Only the pictures are to be omitted; everything else in the listing must be reproduced exactly.

→ MATERIAL PROVIDED
- - -

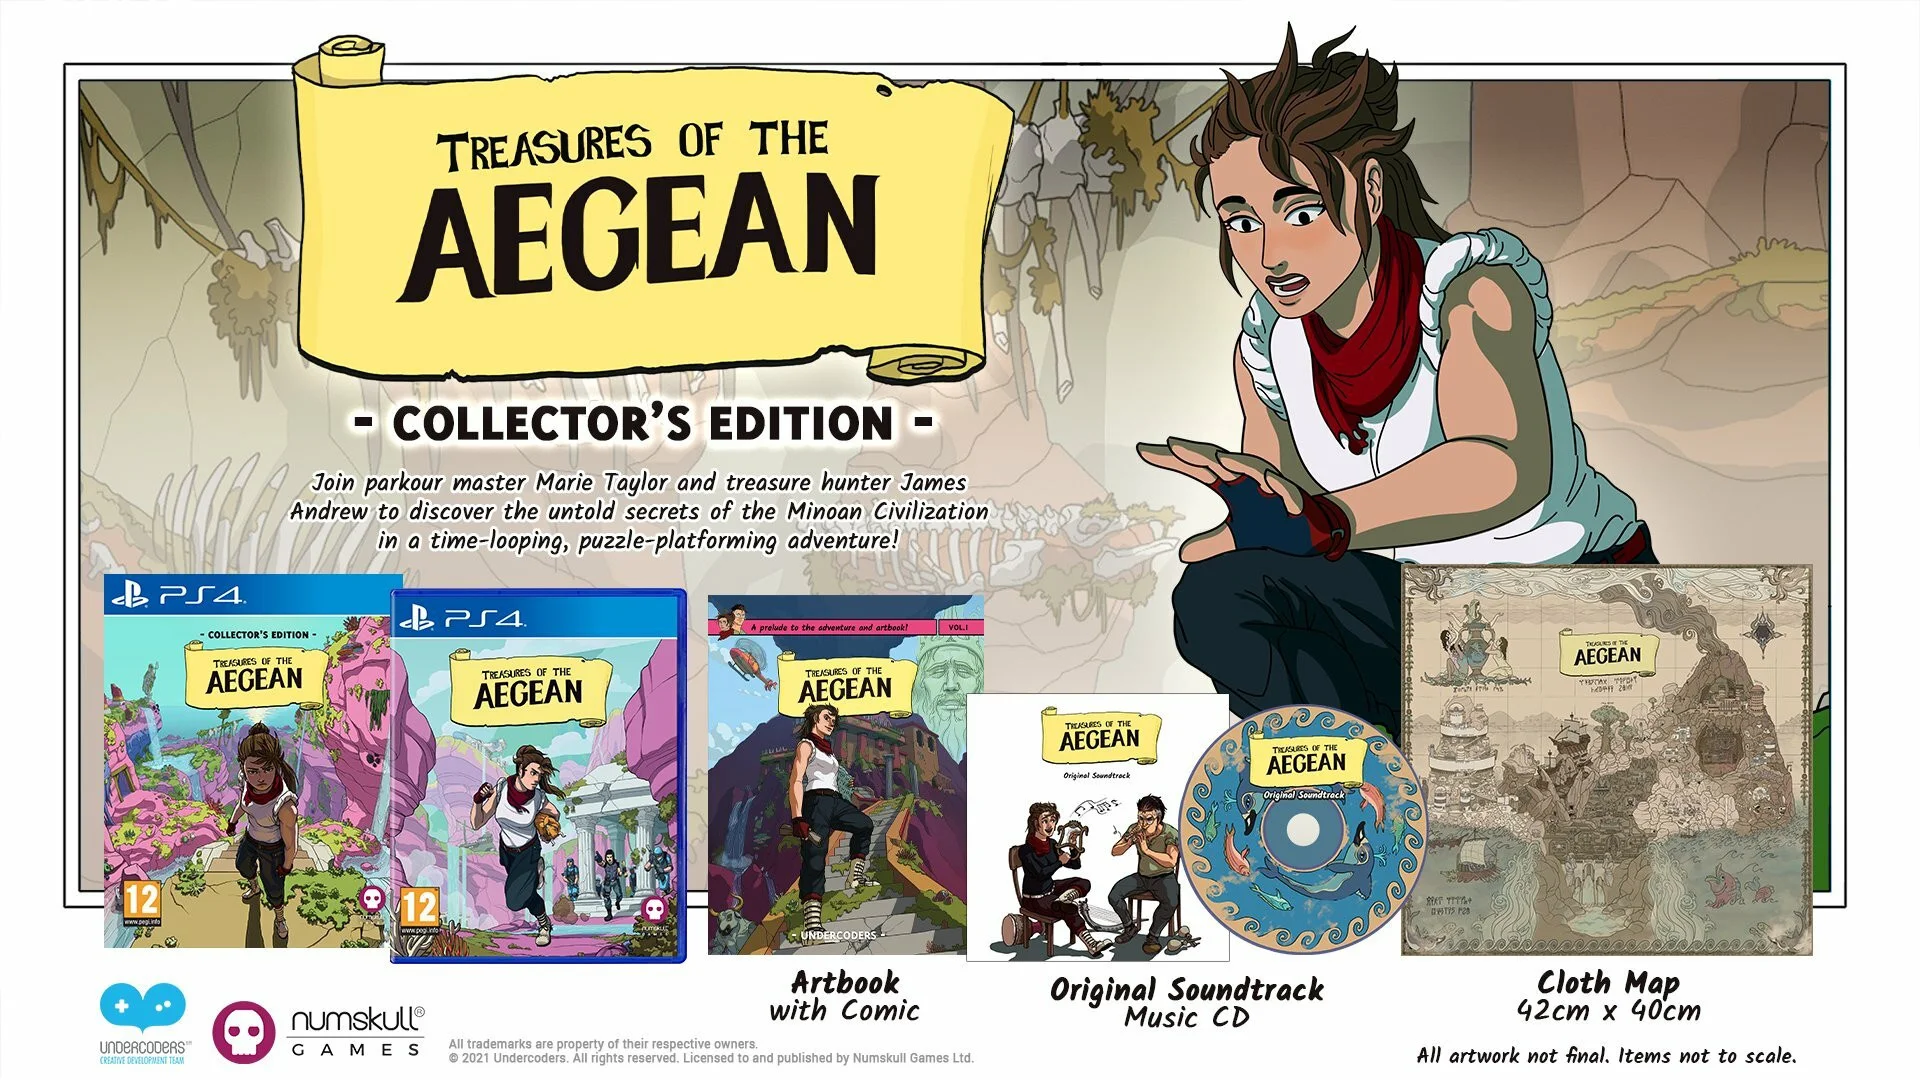 Метроидвания Treasures of the Aegean выходит на PC и консолях 11 ноября - фото 1
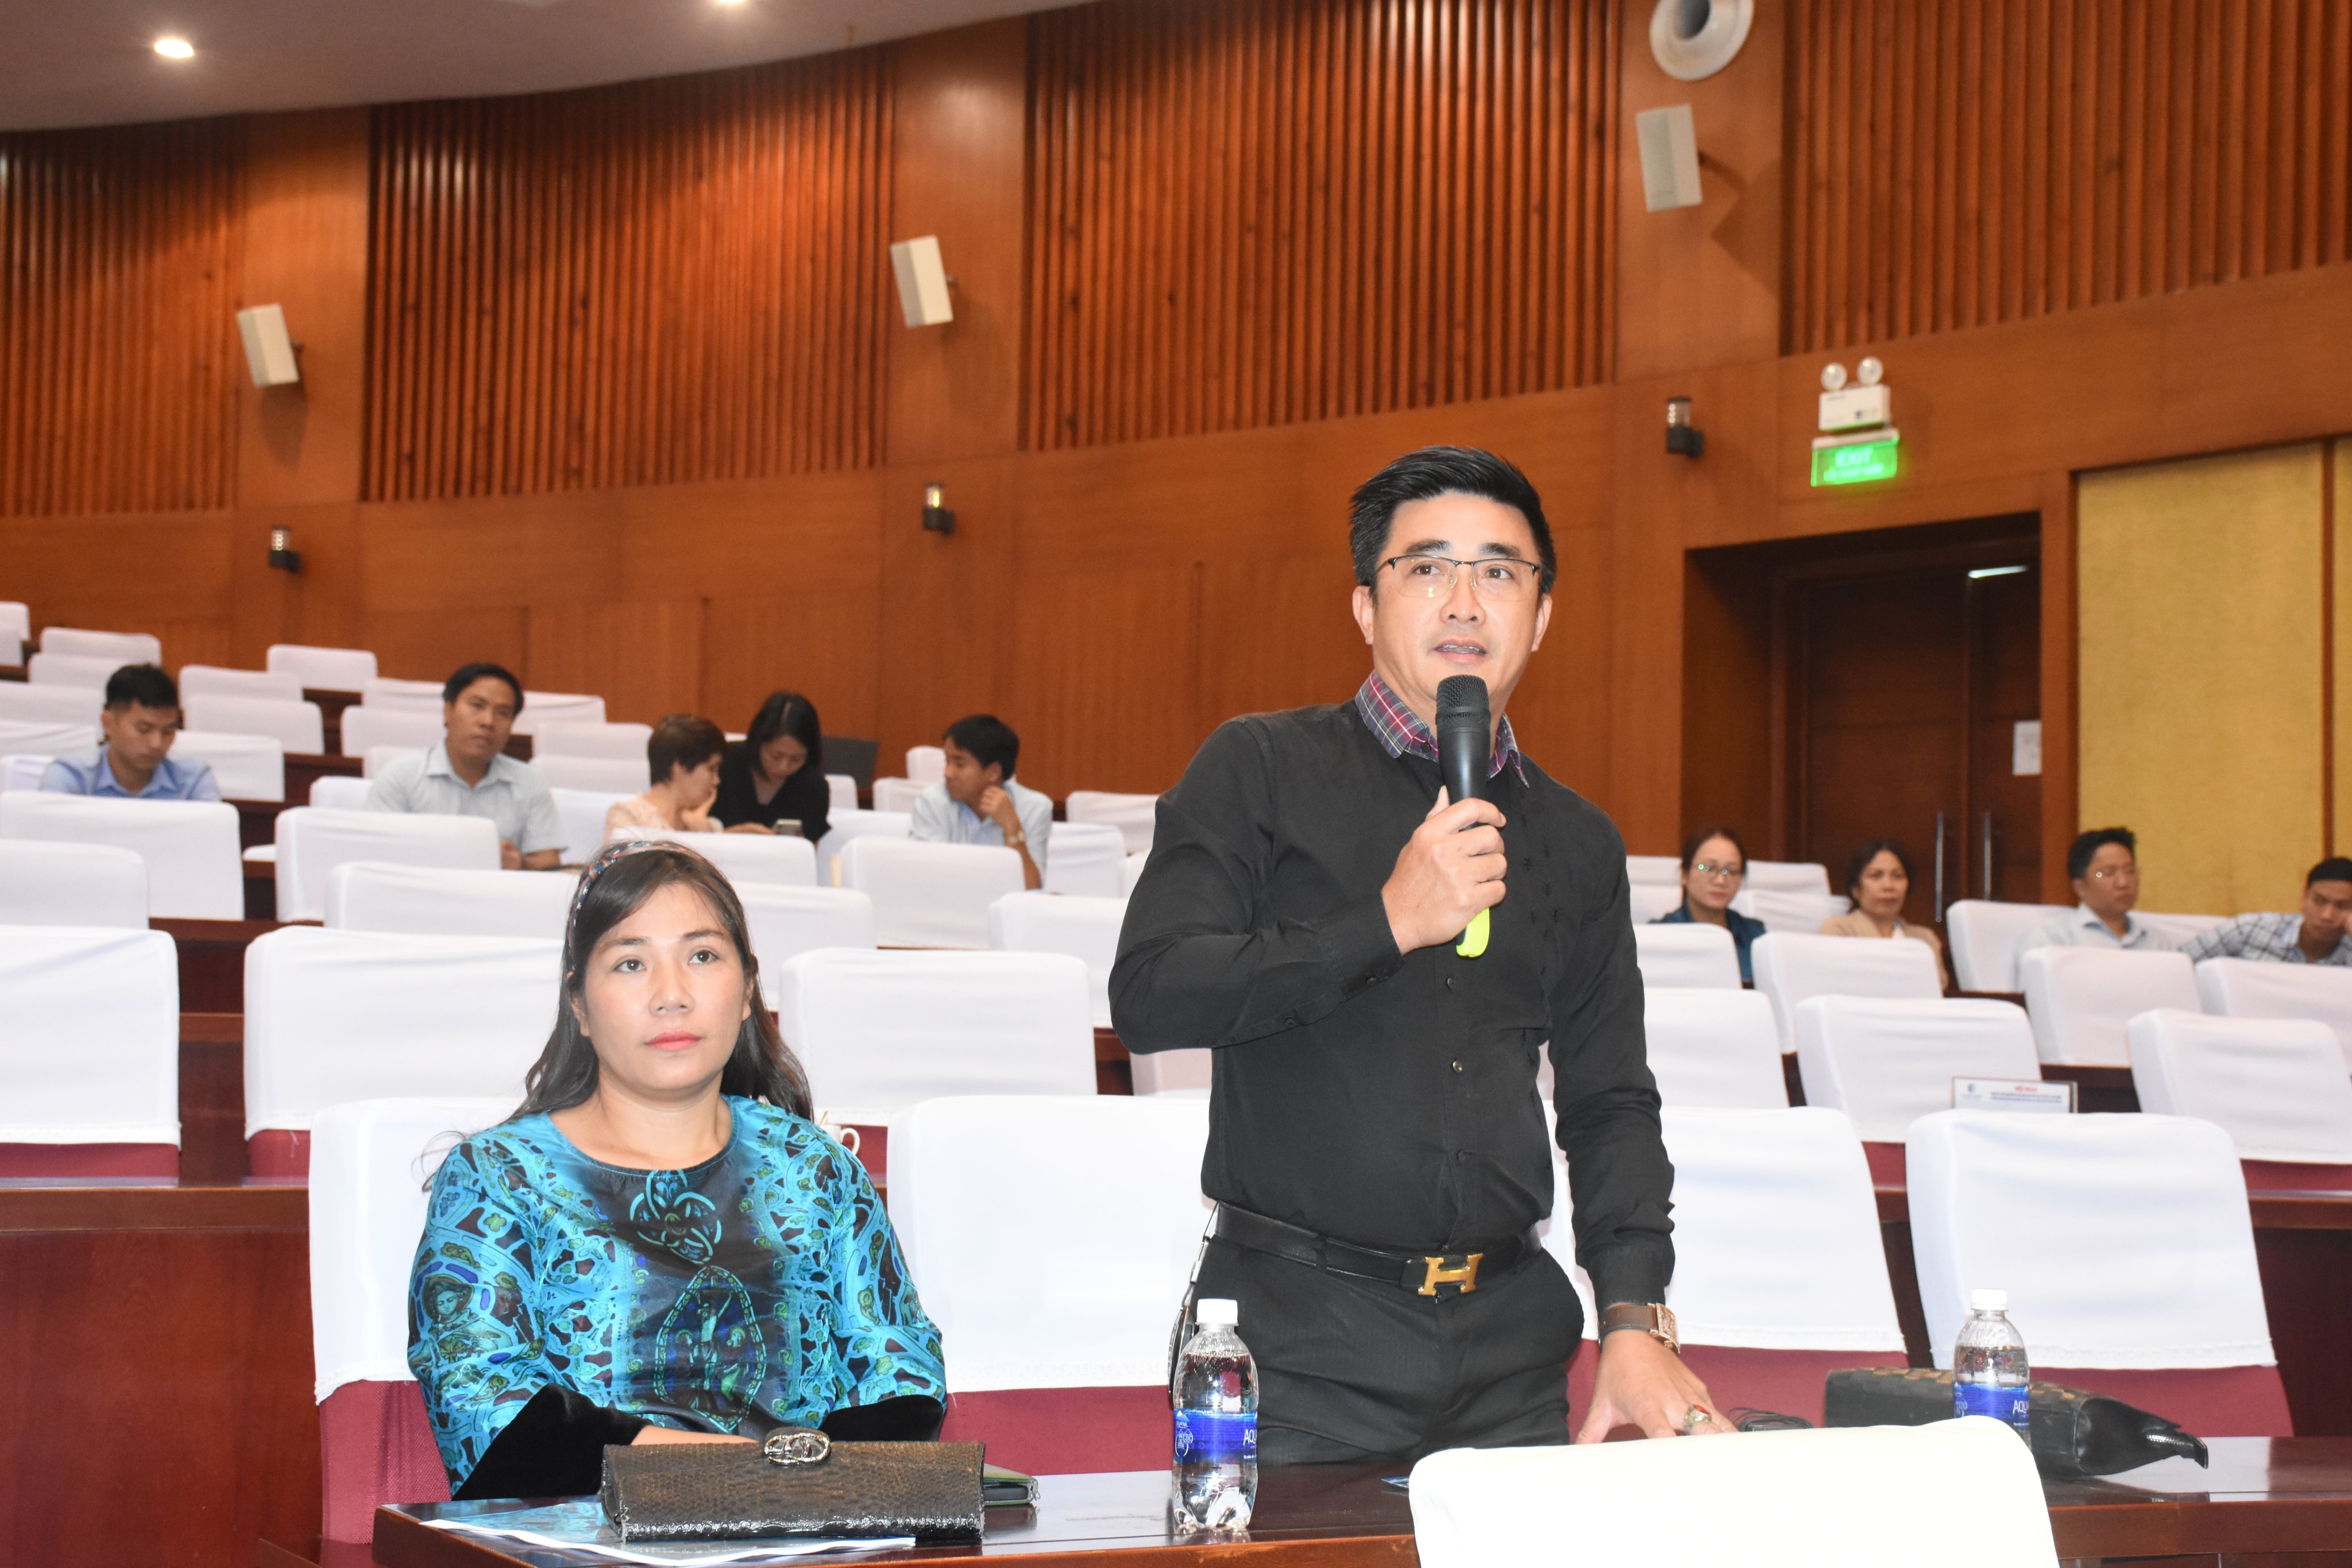 Ông Nguyễn Văn Trinh, Tổng Giám đốc Công ty CP Bất động sản Đại Phúc đặt câu hỏi liên quan đến thời gian sử dụng của condotel.
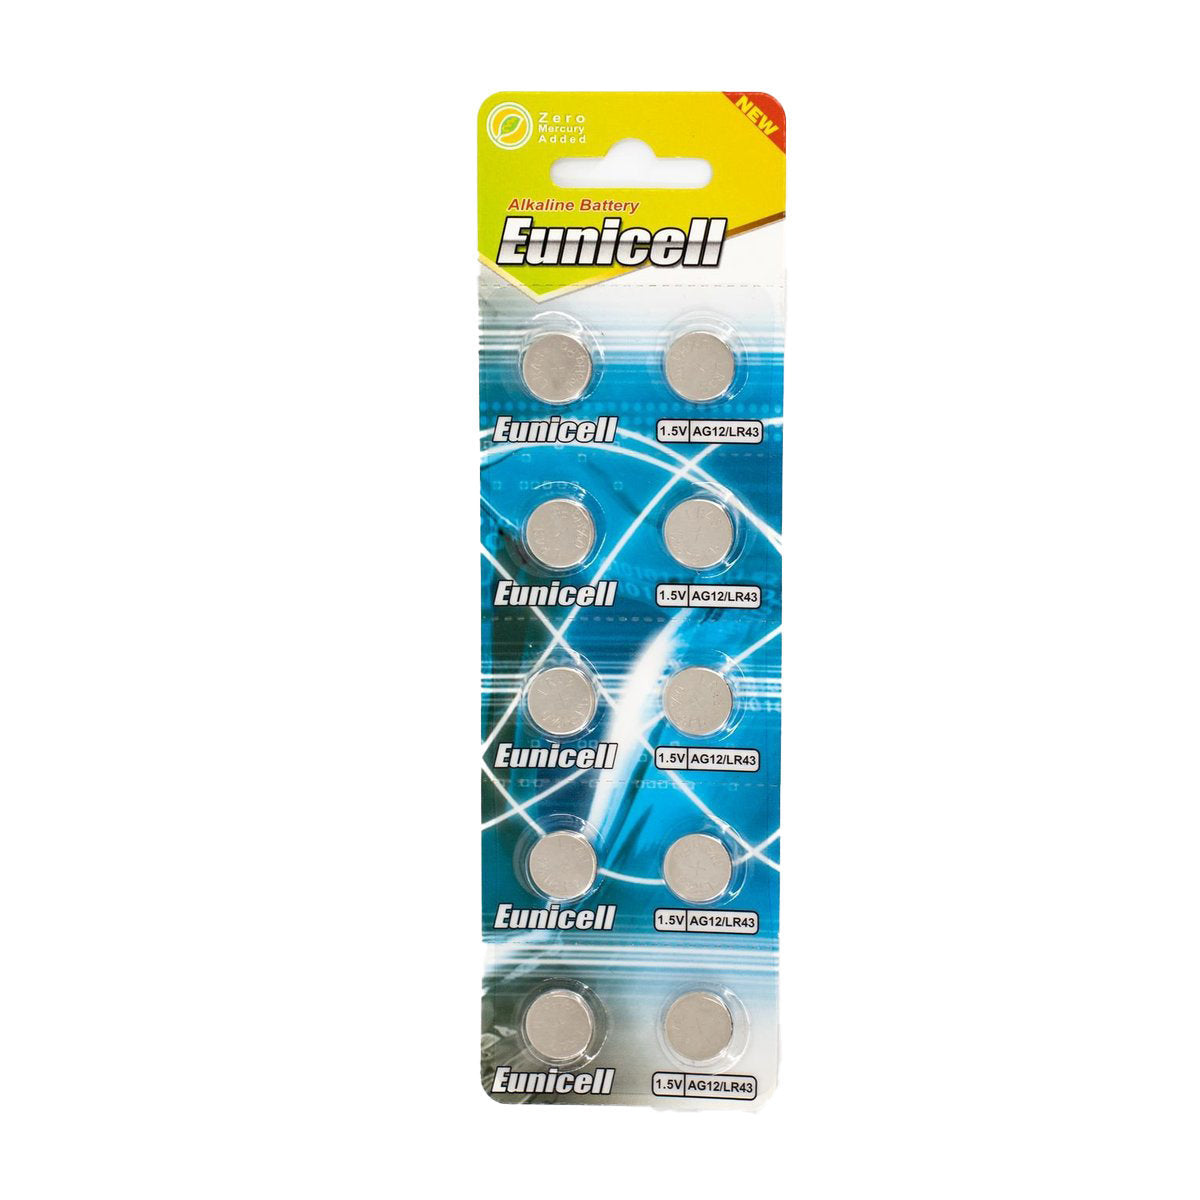 Eunicell 1.5V Ag12 Lr43 Alkaline Button Cell Battery - 10 Pack

- - -

→ SOLUTION BELOW
 Метроидвания Treasures of the Aegean выходит на PC и консолях 11 ноября - фото 1
 Ông Nguyễn Văn Trinh, Tổng Giám đốc Công ty CP Bất động sản Đại Phúc đặt câu hỏi liên quan đến thời gian sử dụng của condotel.
 Eunicell 1.5V Ag12 Lr43 Alkaline Button Cell Battery - 10 Pack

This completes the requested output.